Psychology Is a Fraud
Of all the subjects of academic study, psychology is probably the most useless, or at least the most useless by comparison with its pretensions to use. In a century and a half, it has not told us anything of undisputed value. It is subject to absurd fashions, and its published experiments, even when they are interesting, are often either not reproducible or their relevance to life is unclear. The overall cultural effect of psychology is negative, insofar as it tends to alienate people from their own direct experience and causes them to speak of themselves as if they were mere objects. They then attribute their actions to forces or things other than their own decisions, one of the popular explanatory forces or things at the moment being neurotransmitters. This is a boon to drug companies but not necessarily to the population as a whole.
An article in Scientific American describes research into the length of eye contact that we humans find pleasant or supportable. This is an interesting subject, on which we all have instinctive opinions.

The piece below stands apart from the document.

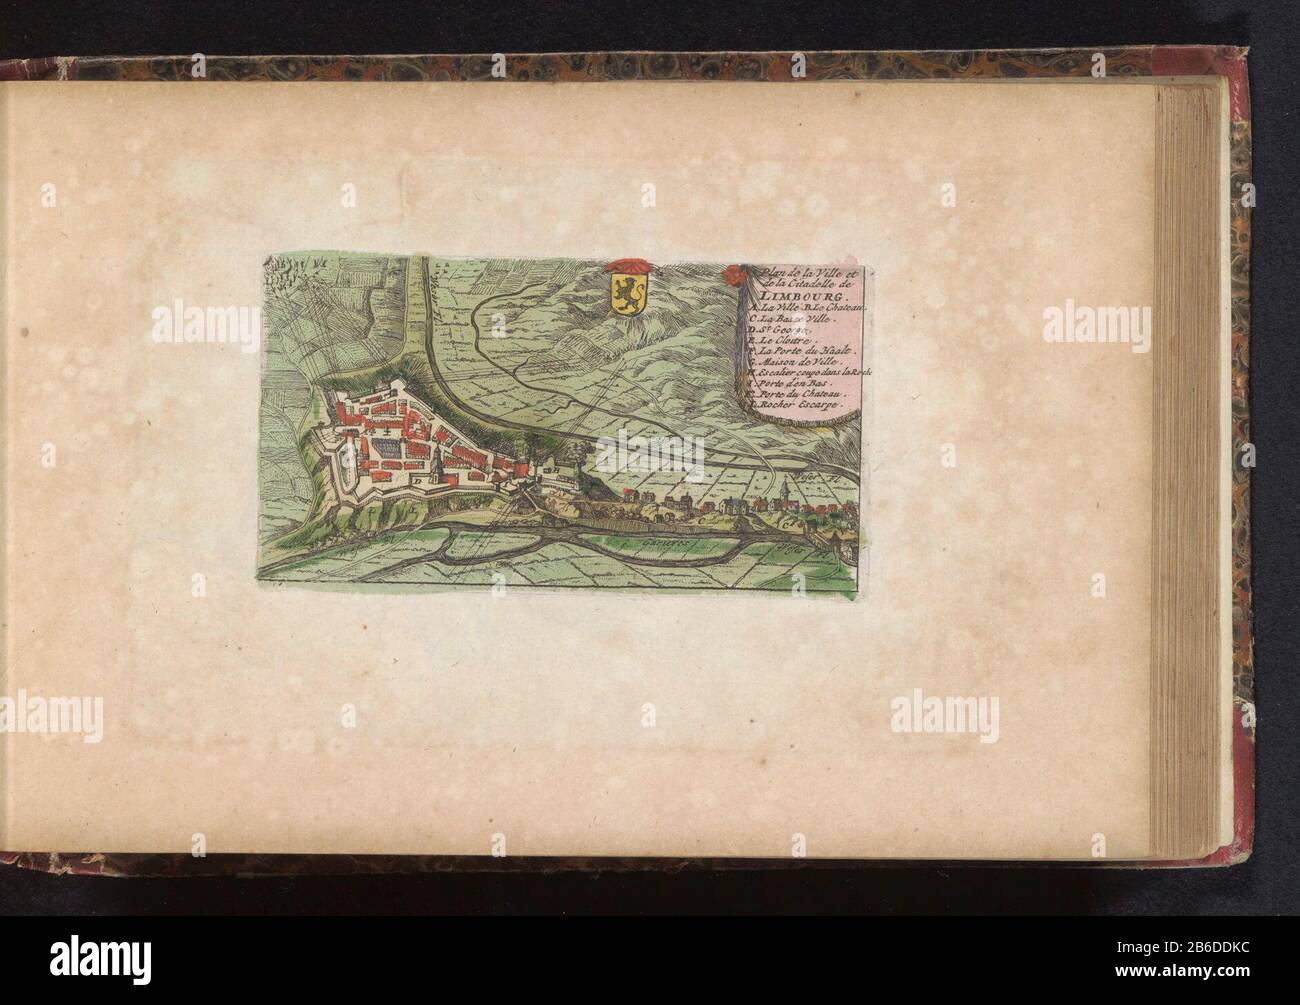 Bombardment Of Limbourg By The Allies 1703 Plan De La Ville Et De La Citadelle The Limbourg Title Object Card In A Nutshell With The Shelling Of The City Of Liege Limbourg

For example, the managers of various institutions in which I worked were often very bad at eye contact. If you met them in the corridor they would often sidle past you quickly as if blown by some invisible wind, their eyes averted to the not-very-interesting wall next to them so that they did not have to acknowledge your presence. I concluded not only that they were up to no good, but that they knew they were up to no good, and that they knew that I knew they were up to no good; but they had to do as they were told and were only obeying orders. Even at meetings they could not look you in the eye. In a way, I felt sorry for them, as they lived in fear of other people’s eyes.
Non–eye contact is observable in many social contexts. I sometimes attend my local town council meetings and there was one counselor (not reelected) of exceptional untrustworthiness who, when speaking, would roll his eyes around the home room, taking in every nook and cranny of the ceiling, in an attempt—a successful attempt—never to look anyone in the eye. This gave the powerful impression to onlookers, I suspect correctly, that he never spoke except in his own convoluted and byzantine interest.